Right now, this area is not pristine as you can see right behind me. We’re on a road right now. This area has been grazed. There is some impact to this area, but this is still intact land. And what I was thinking of before I decided to pull out the camera and record this video is how the dominant culture has this sort of progressive escalation of exploitation. So first they’ll come into an area, and if it’s a forest they’ll cut down the trees and they’ll exploit that for what wealth they can generate; then they’ll convert it to agriculture and exploit the soil for what wealth it can generate; then if there’s greater wealth available by developing it for housing or building a town or something like that, they’ll do that. And so that’s what we’re seeing here. This area has been used for cattle grazing for many years. And now the next level of exploitation is pending as we speak.

The area that they’re surveying is about six miles east to west and about four miles north to south. It’s a very significant area out here. There’s also two other lithium companies that are prospecting for lithium in the same basin within just a few miles of where we sit, further east on the east side of the Jindalee project. So there could be three separate lithium mines operating in this location in the future. Over the last couple days we drove over the top of the Montana Mountains south from here to the top of Thacker Pass, overlooking Thacker Pass, and that whole way there’s lithium claims – mining companies have staked lithium claims for lithium up there, including Lithium Americas Corporation. So there is a very real possibility that over the coming decades this entire landscape could become an industrialized sacrifice zone, and we’re talking about an area that’s something like 25 miles north to south and 10 miles wide – a huge region.

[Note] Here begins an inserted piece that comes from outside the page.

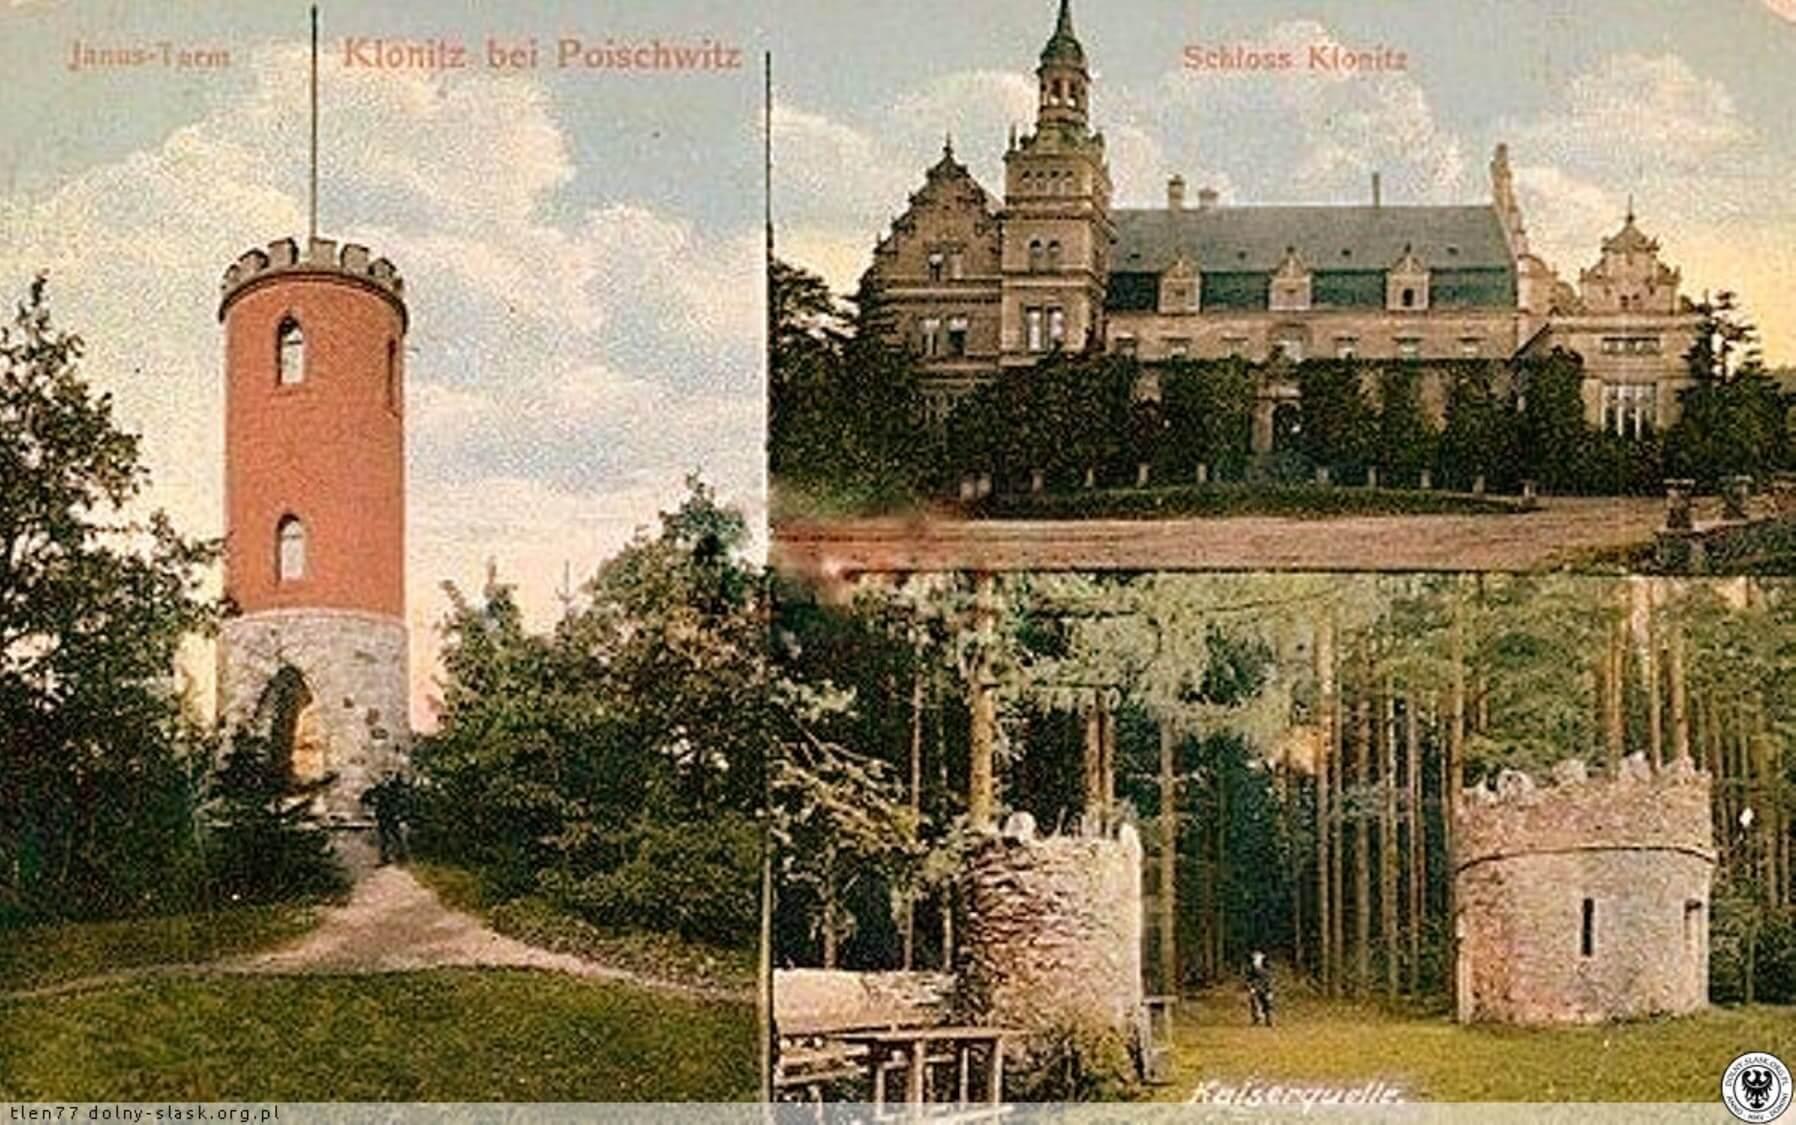 Pałac Murowany w Kłonicach Niedaleko Wieży Widokowej Radogost W Park Krajobrazowy Chełmy1 Atrakcje Co Warto Zobaczyć Zdjęcia Archiwalne

This is incredibly important habitat. We were just down at McDermitt Creek which is vital habitat for the Lahontan cutthroat trout, a threatened fish species listed under the Endangered Species Act. This is vital habitat for Sage-Grouse. We’ve seen about eight female Sage-Grouse on the trip so far. They use this area – there are “leks” in this area where they do their breeding. Those will be abandoned if there’s too much disturbance in this area. There’s pronghorn antelope out here, mule deer, all kinds of wildlife. And up in these mountains all around us are wilderness areas. There’s something like one, two, three, four, five separate wilderness areas surrounding us right now in a big arc on the west side, the south-west, and up here to the north. Those wilderness areas have some protection, which is excellent, but that protection doesn’t mean that much if all the connectivity corridors between them, all the lands around them are industrialized, if you have all this air pollution being generated right below them that’s going directly onto the waterways and the forests that hang on to the slopes of these high mountains up here.

And of course, this is also a very culturally important area, traditionally. We’re only a few miles from the Fort McDermitt Paiute Shoshone reservation. But, you know, the reservation system was created after colonization and prior to that there was no such thing as the Fort McDermitt tribe. There were these different bands of the local indigenous nations and those bands have been scattered and they have interrelationships. So the people whose ancestors spent time and lived on this terrain are at Burns Paiute Tribe, they’re at Fort McDermitt, they’re at Reno Sparks, they’re at the Pyramid Lake Tribe, they’re in Duck Valley. They’re all over these different reservations, these different tribes, modern tribes that we have now. And so this is a culturally very important place.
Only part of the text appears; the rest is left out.